Later, I lived in New York City, where I continually made the rounds of art directors, trying to get a few jobs, pay the rent, buy some food, and make a living doing what I love to do, that is, drawing the fantastic and painting myth. Time after time, visits to children's picture book publishing houses brought me the same answer: "Your work is too 'adult,' too mature for our readers." Yet repeated visits to the offices of publishers such as Heavy Metal Magazine also left me with their rejection ringing in my ears: "Charles, your work is just too nice for us." It was in these years that I also tried my luck at exhibiting work at a science fiction convention or two. My work in those days, though, never seemed to get much consideration in science fiction venues, especially since I wasn't interested in learning the almost universally prescribed method of painting over-rendered (to me) book jacket art. I soon returned to the comic book field where I had, somehow, made an end run around the bloated super hero look and was scratching out a living in a remote back pasture of that world where subtle fantasy and a whimsical outlook was marginally accepted.

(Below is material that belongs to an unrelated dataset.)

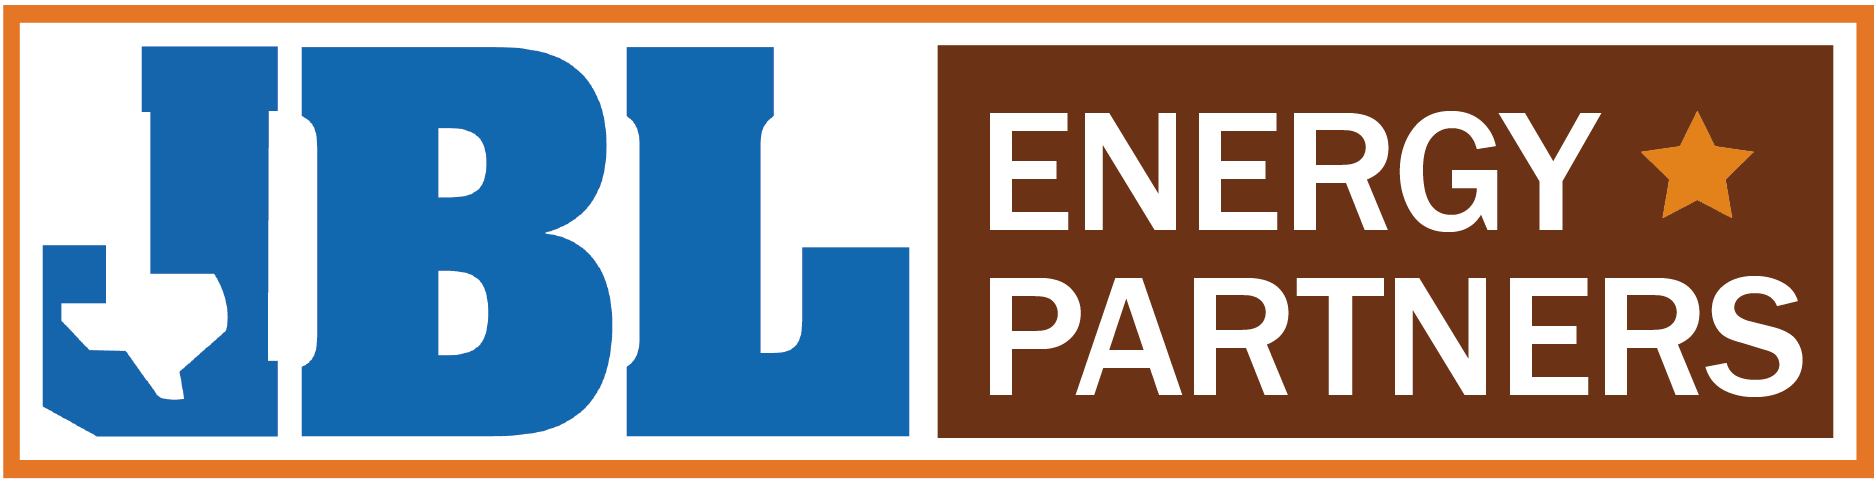 JBL Energy Partners

There I was again, caught in that borderland, looking for a home I could call my own.

In 1994 I moved to rural southwestern Virginia. There I was asked by a local museum to organize a traveling exhibition of contemporary fantasy artists. This opportunity to showcase the type of art that I love was a heady one, and so I wanted to be careful to select just the right group of artists for the exhibition. I begin by asking various experts whom they would select to be in such an exhibition. The pulp art collectors suggested only the pulp artists. The children's book collectors only pointed out children's book artists. And so on. I was amazed that whenever I suggest an artist from outside these same experts' chosen fields, they were oftentimes completely unaware of the work or the artist. In the end I choose artists from many fields, crossing over many ill-conceived, arbitrary borders in the process. The "Dreamweavers" exhibition featured work from several children's book artists (Jerry Pinkney, Dennis Nolan, Gennady Spirin, Ruth Sanderson, David Wisnieski), but also from disciplines as varied as comic books (Michael Kaluta and myself), sf/fantasy book jacket art (Dawn Wilson, James Gurney), commercial book illustration (Scott Gustavson, Brian Froud, Alan Lee, Alicia Austin), and fine arts (Terri Windling). One artist, noted in the children's book field, with many Caldecott honors to his name, asked me repeatedly before the show, "Why do you want my work to be in this exhibition?" The night of the opening reception he stood in the midst of the exhibition, a large smile spread across his face, and said to me, "Oh, I get it now."

Charles Vess

In reality there is not much to "get". Either you enjoy the process of meeting the unknown and learning from it, or you close those personal shutters and erect those walls and try to defend your home turf from all comers. There's a lot to learn out there in the interstitial borderlands. In my mind, if you stop learning as a human being, and stop growing as an artist, then your world will continue to shrink in on itself until you're left with a very small sandbox indeed.

I am waiting for the time when I, along with all the other various denizens of those interstitial borderlands that I am happy to call my home, are playing in one huge, multi-layered sandbox. I am surrounded by these new-found friends, who can all say, with smiles on their faces, "Oh, I get it now."